• _TRY IT_
A precise copy of the data is required, with every picture left out.

*** SUPPLIED INFORMATION ***

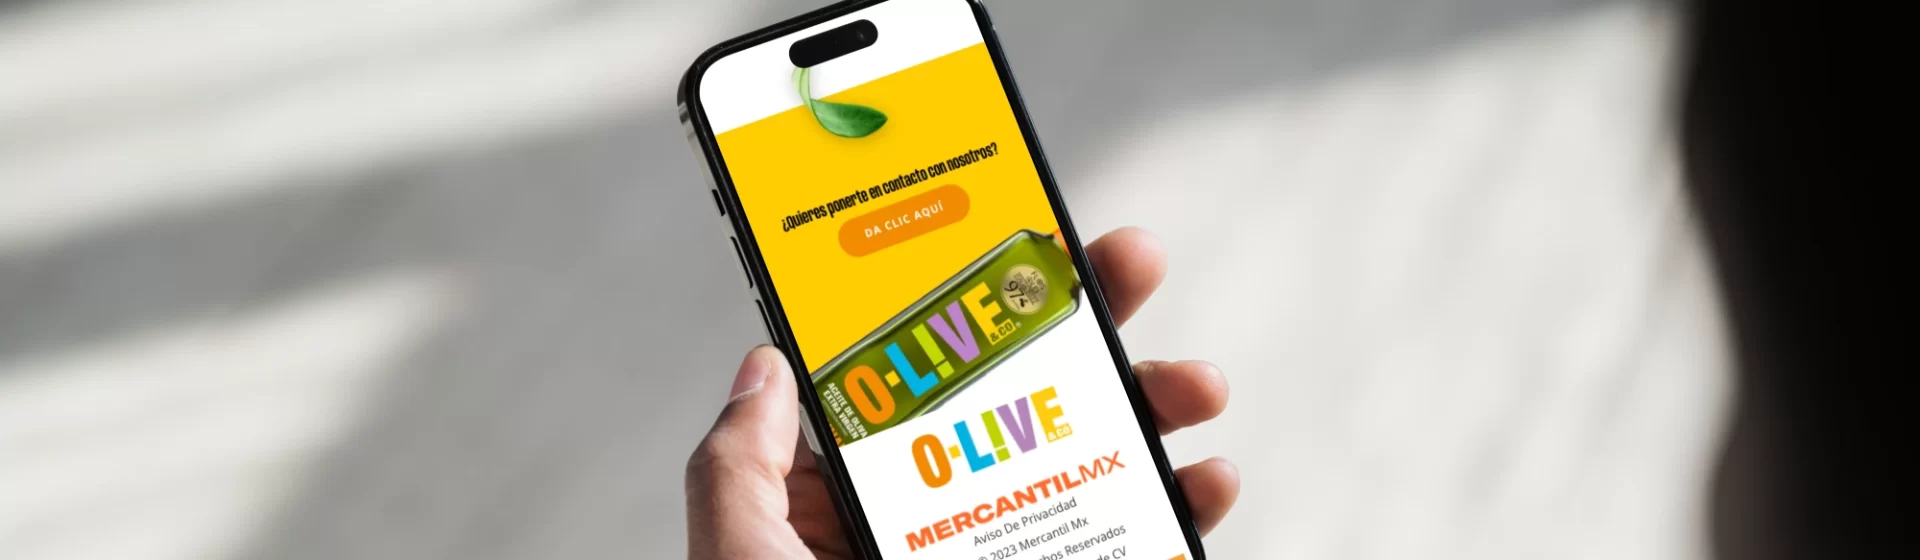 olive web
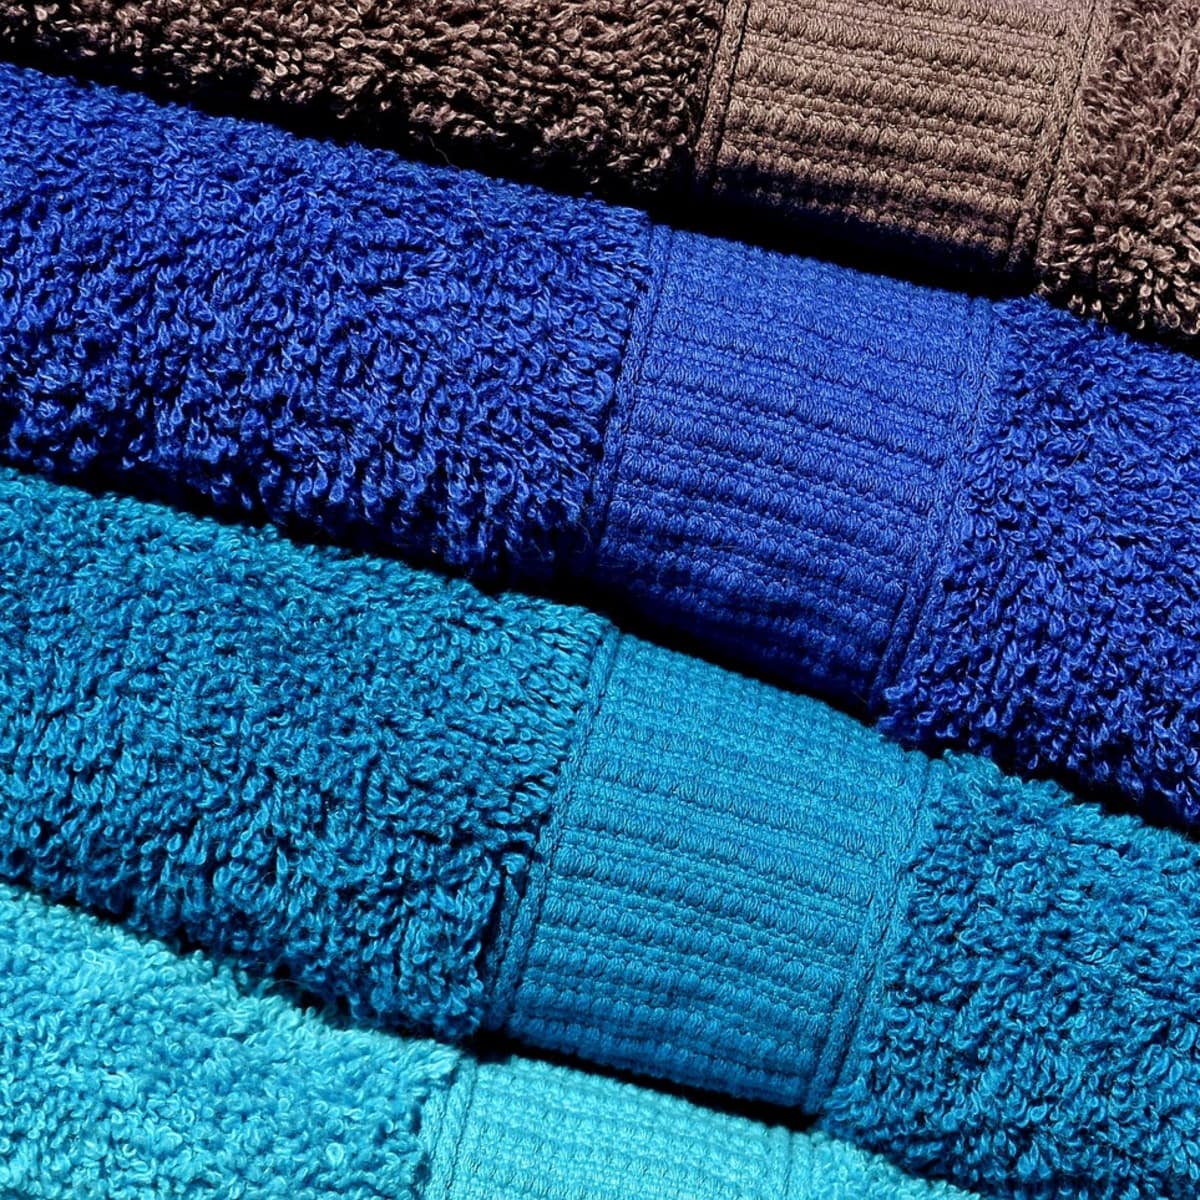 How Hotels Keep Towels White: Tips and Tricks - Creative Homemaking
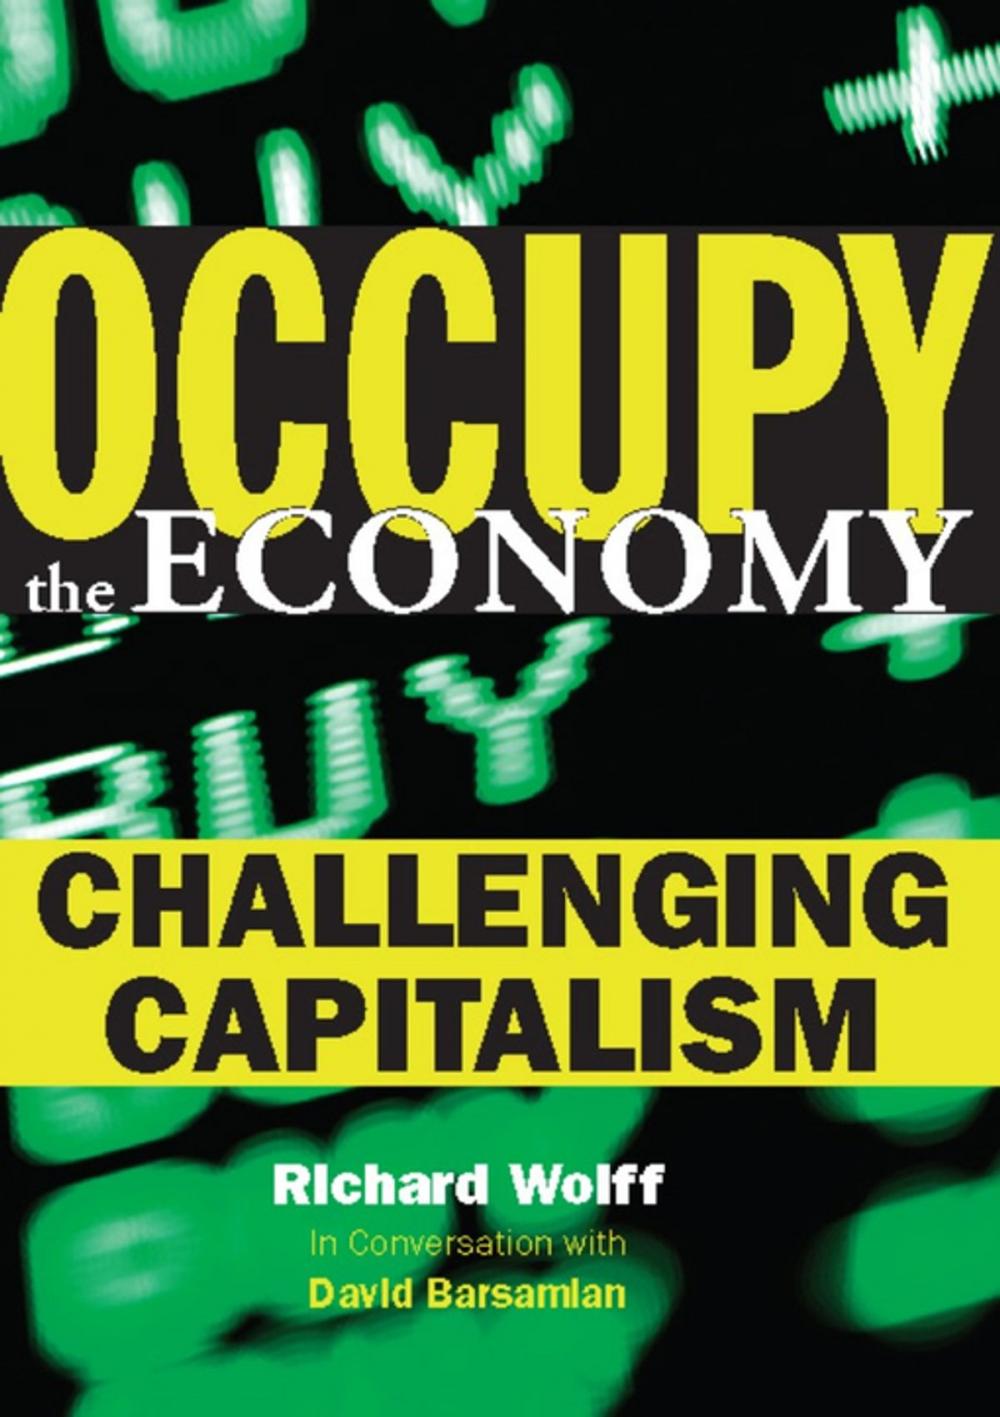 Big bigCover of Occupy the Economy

*** End of SUPPLIED INFORMATION ***

• _RESULT OF THIS EXERCISE_
 olive web
 How Hotels Keep Towels White: Tips and Tricks - Creative Homemaking
 Big bigCover of Occupy the Economy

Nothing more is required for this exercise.